Many times over the past few days, reading about so many families who have suffered loss...I have cried and asked why. No matter how I try to explain it, I don't understand the lesson in losing a child, or having a child suffer. And then I go to my sleeping baby. Look at him. Touch his cheek. And I remember these families. I pray for them and for us.
Here are a few of the sites that I have visited recently who need your prayers...whether it be for something that just happened yesterday or two years ago...
Pray for Jessica's son over at The Russo Corner.
Pray that Kelly's baby daughter continues to fight her illness over at Kelly's Corner.
I was up till 1 a.m. reading Angie's story at Bring the Rain on Friday night. I cried. And cried. And cried some more. Pray for her family that they will continue to heal with each day.

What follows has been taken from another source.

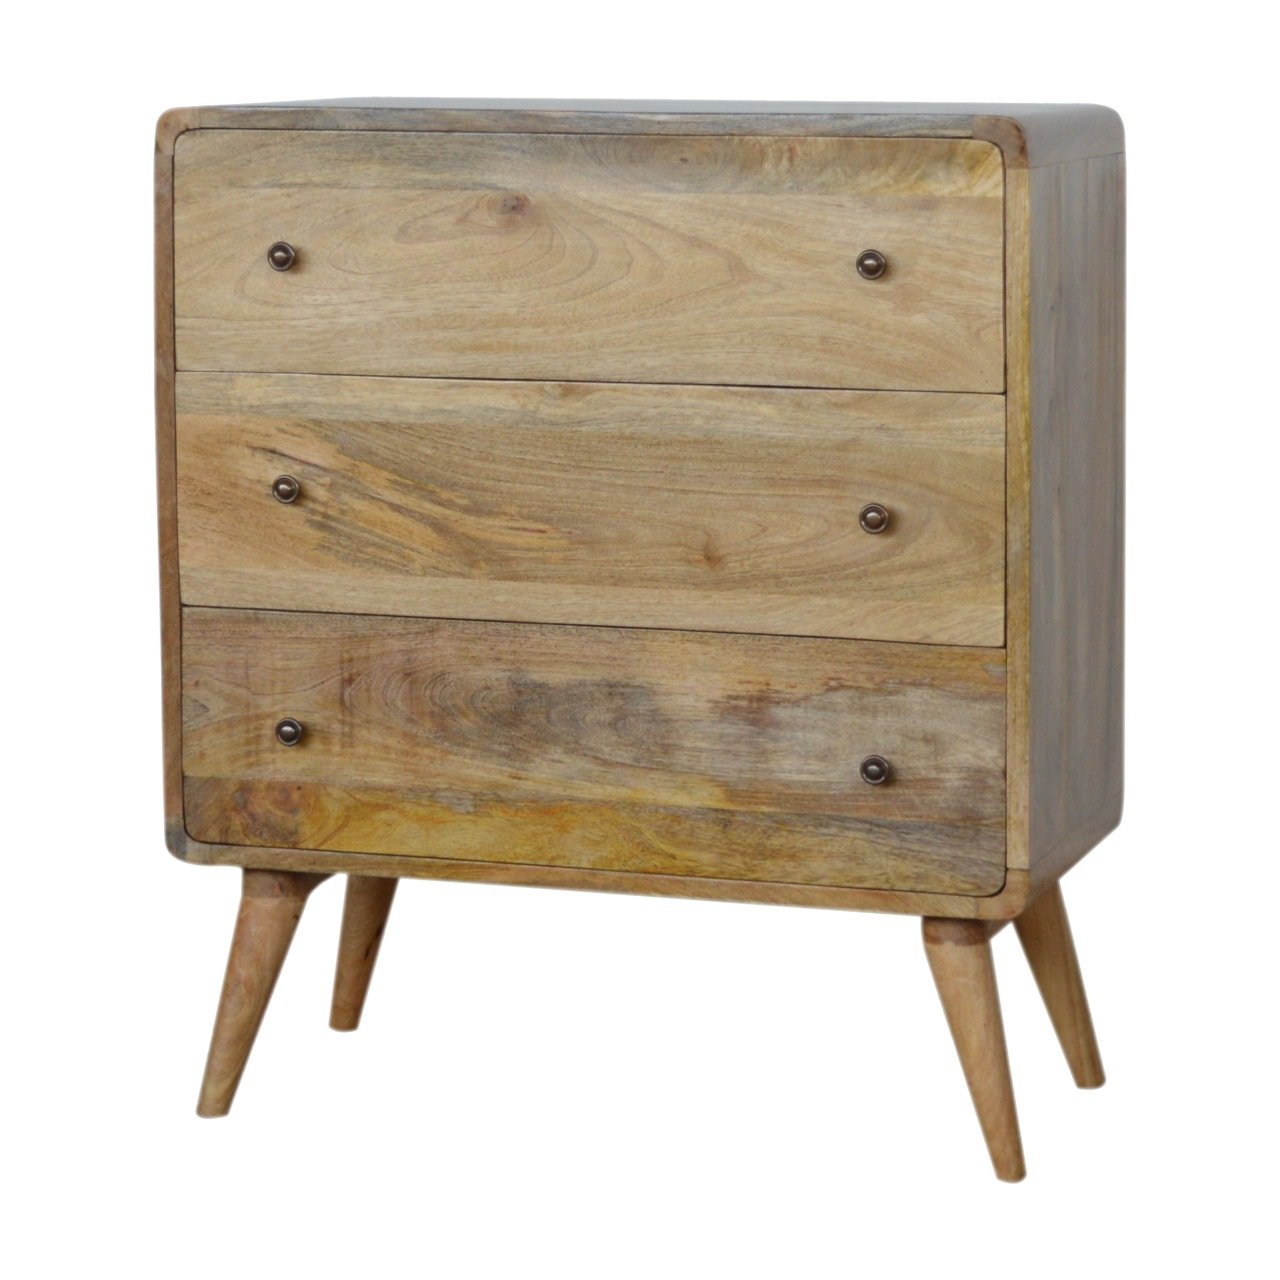 Modal Handmade solid wood chest of 3 drawers in an oak-ish natural finish | malletandplane.com

Pray for Adrienne, who has endured what I don't think I possibly could.
For Jessica, who lost her daughter this past Friday. She was only two months older than my son. I don't know how to deal with this. I don't know how.
I am humbled. So quickly it can be gone.
Life is so precious.
My heart hurts tonight.
I am going to go kiss my sleeping child, snuggle next to my husband and say a prayer.
I am so thankful. For the good and what the bad teaches us.
If you know someone that needs prayers, post a link in your comments.